= Time-Megeve-Mont-Blanc =

The Time-Megeve-Mont-Blanc is a cyclosportive that takes place early June in the northern part of the French Alps, 45 km from Geneva. This cycling event attracts 2,000 riders on a 140-km route that starts from the valley town of Sallanches and includes three passes: Col de la Colombiere, Col des Aravis, and Col des Saisies. The event finishes in the ski resort of Megève.

There are three choices of circuit: 80 km (Colombiere, Aravis — climbing 2850 m); 110 km (Colombiere, Aravis, Saisies — climbing 3930 m); 140 km (Colombiere, Aravis, two different ascents of Saisies — climbing 4810 m).

The route is designed so that the total amount of climbing on the longest course exactly equals the height of nearby Mont Blanc, the highest mountain in the Alps and for which the event is named. To complete this long course participants have to have reached control points before certain cut-off times, otherwise they are re-directed on to the shorter versions of the route. This is possible because the routes of the three courses share the same initial and final sections, but the longer routes also incorporate various additional detours on the Col des Saises.

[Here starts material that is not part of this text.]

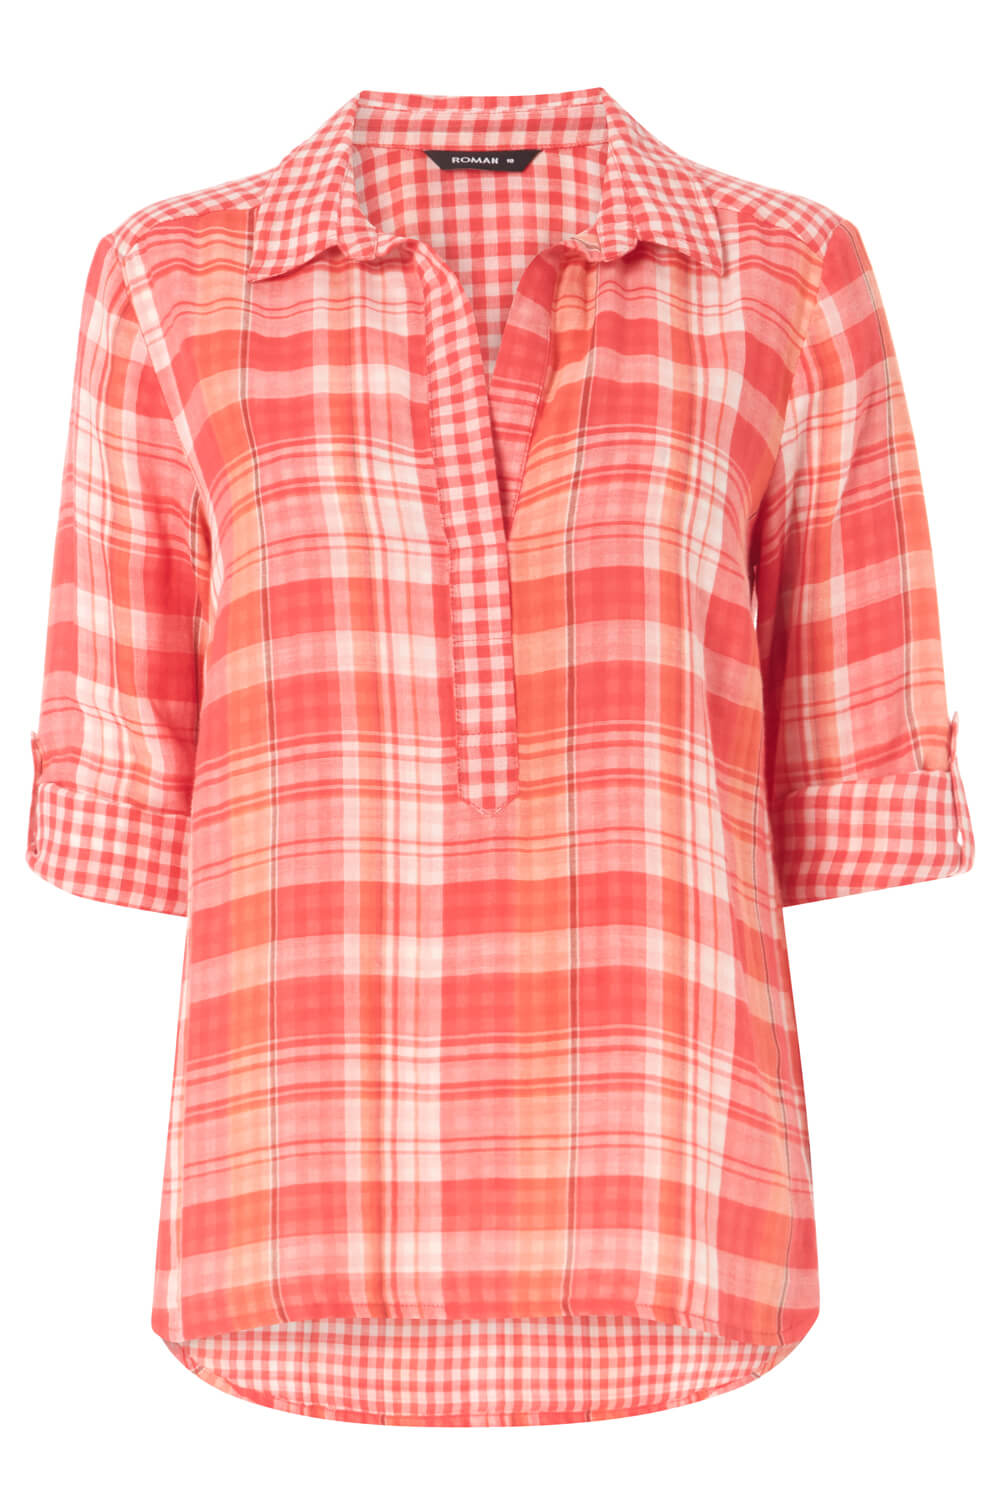 CORAL Contrast Check Print Overshirt, Image 5 of 9

The 2014 edition incorporated three new routes heading south of Megeve into the Beaufortin range: 80km 2000 m of climbing with two ascents of Col des Saisies; 110 km 3100m climbing with two ascents of Col des Saisies, Col des Pres, Lac de Roselend; 135km 3500m climbing with two ascents of Col des Saisies, Col des Pres, Lac de Roselend; Col de la Forclaz. Safety considerations following the death of a Swiss rider in the 2010 edition has led to the organisers neutralising downhill sections, participants passing through timing sections at the top and bottom of the major climbs.